Blocking is now governed by a button press as opposed to being a passive attribute. There’s still a blocking skill, but now it decides how much of the damage is deflected from a successfully blocked attack instead of arbitrarily blocking for you. A good block will also deflect your foe’s weapon, leaving them vulnerable to a combo or power attack. In either case, your weapon won’t just magically miss your opponent as it would in Morrowind. If you smack your enemy upside his head with your axe, he’ll feel it every single time.

[image3]The interface has also been upgraded. Instead of going through the clumsy procedure of removing your bow and equipping your sword and shield, you can hotkey all of your weapon sets and spells to the eight directions on the D-pad. So shooting an arrow, breaking out your sword and shield, and then delivering a fiery coup-de-gras in the form of a flare spell are as easy as toggling your hotkeys and executing the commands. The whole system is smoother and more kinetic.

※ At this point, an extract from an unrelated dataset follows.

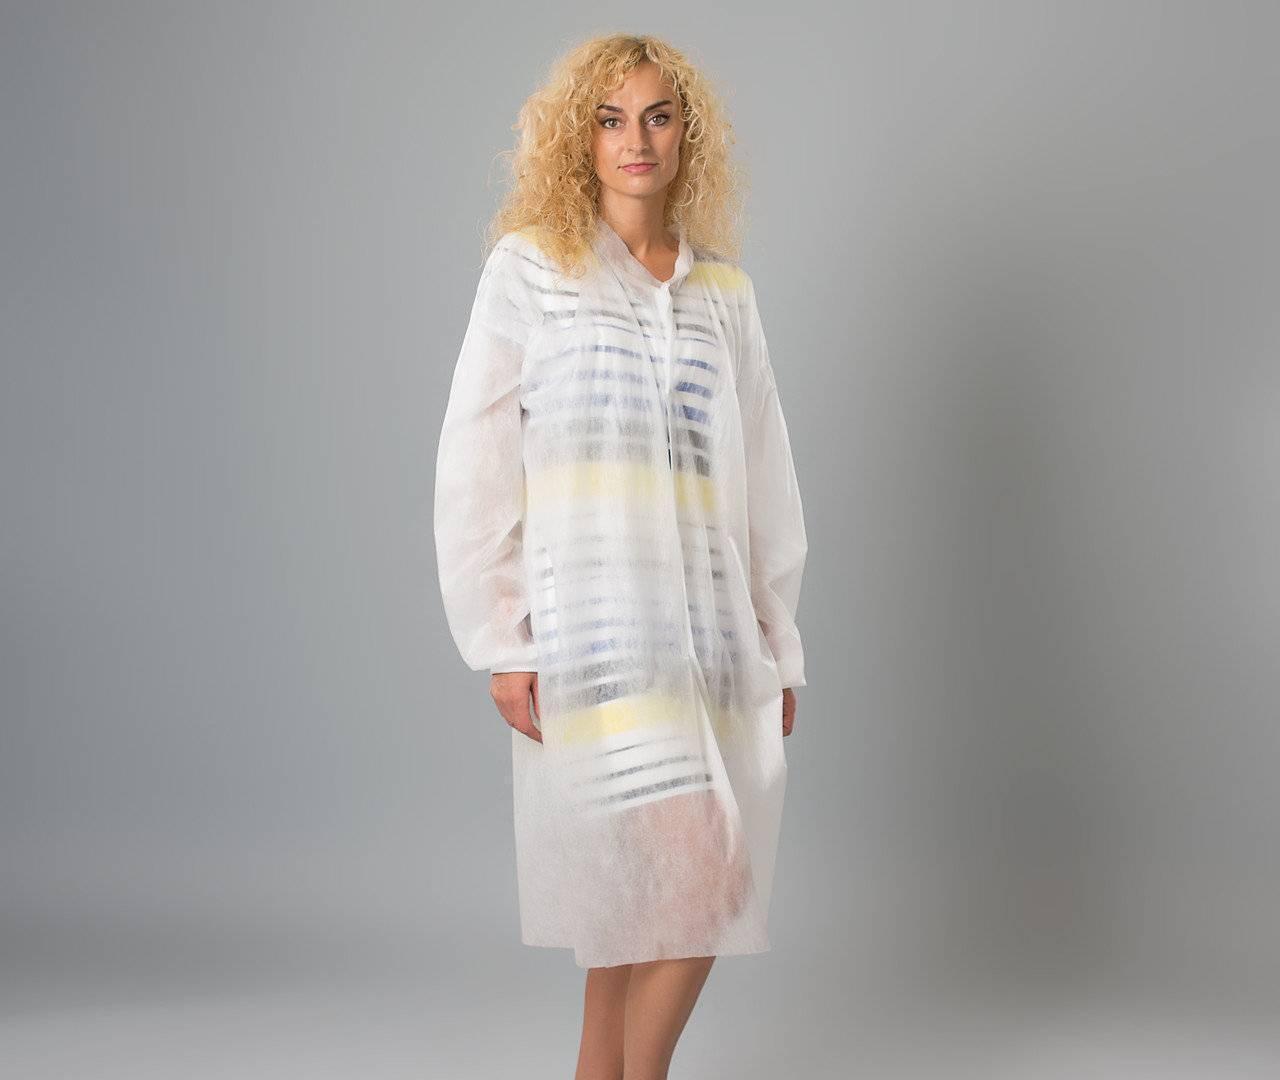 Защитный халат из нетканого материала для посетителя на кнопках Polix PRO&MED 25 г/м² 10 УП (10 ШТ) белый

When you’ve had your fill of kicking brigand booty, you can head to a town and check out the shops, steal from the citizens, or just do whatever you fancy. All of the conversations are now voiced, making them seem much more natural than the Wikipedia style conversations from Morrowind.

Oblivion is also a much better looking game than its predecessor. The indoor environments are particularly impressive, with flames casting flickering shadows against walls, stones glistening with moisture, and strange blue lights ominously illuminating alien temples. Outside, things get a bit more rugged, as the terrain detail level drops sharply after only about a hundred yards. Don’t get your hopes up for many scenic vistas, but do expect to enjoy richly detailed character models, fearsome enemies and some extremely elaborate and atmospheric dungeons.

And expect to be blown away by this total package of an RPG. Few games demand the attention of any gamer confident enough to consider himself hardcore; there’s no doubt that Oblivion is about as intense as it gets. Whether you’re a PC or 360 gamer, start making shelf space for when the epic ships this Spring.